Artificial intelligence is here to stay at the FDA, but its integration and evolution may not be a straight line now that one of its biggest proponents, former commissioner Dr. Marty Makary, has stepped down.
Makary was pushing for a more centralized approach to AI, rolling out an agency-wide tool called Elsa, a large language model that could accelerate reviews and evaluations by taking on support tasks such as writing and summarizing reports. The agency also announced plans in December to expand the use of agentic AI to support premarket reviews, inspections and administrative tasks.
Between 2024 and 2025, the number of AI use-cases reported by the FDA skyrocketed by 148% amid a broader government push to leverage the tech, according to a Bipartisan Policy Center study.
Acting commissioner Kyle Diamantas said AI remains a top priority for the FDA. Still, recent high-level departures, including Makary, Jeremy Walsh, chief artificial intelligence officer, and Sridhar Mantha, acting chief information officer, have raised questions about the future of AI implementation.
“It's unclear now what the leadership and governance structure are around FDA-wide efforts,” said Tala Fakhouri, chief artificial intelligence and regulatory strategy officer at Parexel, and a former FDA AI policy official.
FDA officials have spoken about AI at recent conferences, but they were all representing individual divisions, Fakhouri said, noting that this could portend a return to the more fragmented, department-specific AI approach that existed prior. At the same time, efforts to increase transparency around AI use and enact AI-related policy-making could also slow, she said.
These potential setbacks primarily concern the agency’s internal use of AI, and not those governing how drug companies apply the technology in their own work. So far, there hasn’t been a change in the FDA's policies as they relate to the sponsor use of AI.
“And I don't expect to see a change there, which is good,” Fakhouri said.
Evolving use of AI
FDA’s internal use of AI to streamline staff workloads has evolved steadily in recent years. Elsa had its origins in a CDER-developed program, CDER GPT, said Fakhouri. The agency expanded on that original program to use a retrieval-augmented generation system to reduce AI hallucinations. The system is designed to confine the large language model to a well-defined database of trusted information, tailored for the individual centers within the agency, Fakhouri said.
This allows staff to use the tool to access information needed for their unique roles. For example, staff members can quickly generate a summary of industry comments on a particular proposal, or the Office of New Drugs could turn to Elsa to quickly generate a history of regulatory submissions, which can span years.
While Elsa has been leveraged for these types of burdensome tasks, Fakhouri doesn’t believe the technology is used for final decision-making.
Still, “staff can use the tools to augment the work that they're doing. We should all be happy about that,” she said.
Where the FDA’s AI program should go from here
Transparency about how the FDA is using AI in its processes is still lacking, Fakhouri said.
“If the regulators are using AI in certain ways to augment reviewer work or to become an assistant to a reviewer, I think it's good practice for industry to know what these uses look like," Fakhouri said.
Detailing how the FDA is using AI could also foster collaboration with the industry.
“If I am a sponsor or a CRO preparing a submission on behalf of a sponsor, I can prepare my submission with all the data labels and information that might be helpful for the reviewer and the [AI assistant] to be able to review my package,” she said.
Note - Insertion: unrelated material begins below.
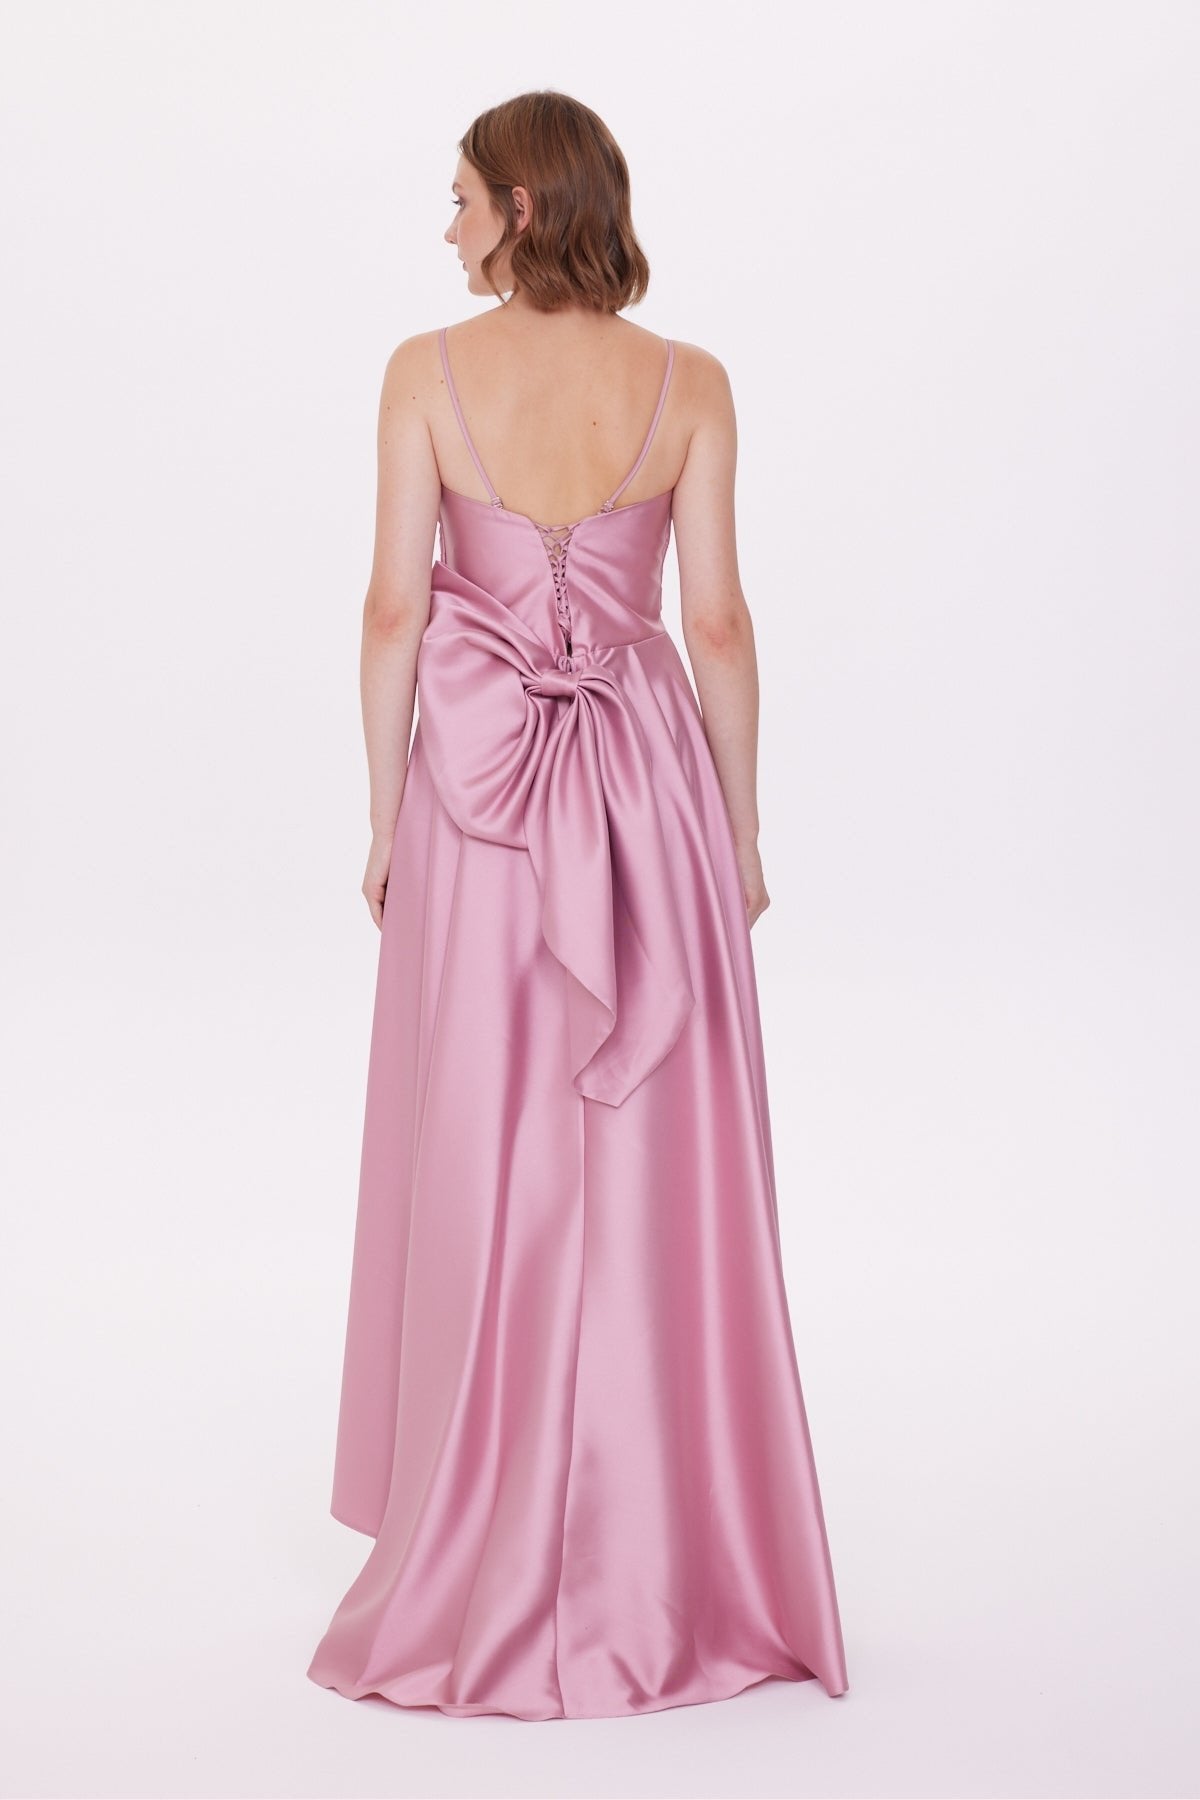 Sweetheart Neckline Chest Sequin Drape Detailed Dress

Fakhouri said she expects the agency to move toward greater transparency over time.
“But it would require someone in a leadership position at the agency to become aware of that and want to actually make it happen,” she added.
Fakhouri would also like to see the agency streamline AI-related rulemaking that impacts the industry, such as how AI tools are validated for clinical trials.
Under Makary, policy changes were sometimes announced outside the traditional FDA guidance process and through journal articles or press conferences instead. But the agency appears to be returning to its former norms under Diamantas, who recently confirmed that informal statements made by the former commissioner don’t represent official policy.
“They will go through the regular guidance and policy development processes,” Fakhouri said.
While traditional rulemaking insulates pharma from uncertainty, it can also be a slower process that creates its own challenges as companies rapidly adopt different AI platforms
“The fastest guidance that you could put out would still probably take a year. A year in the age of AI is very slow,” she said.
Finding a balance between structure and flexibility will be one of the FDA’s key policy challenges.
“I don't necessarily know what the solution is, but more agile, flexible policy development would be needed, and perhaps more frequent communication between industry and the regulators,” she said.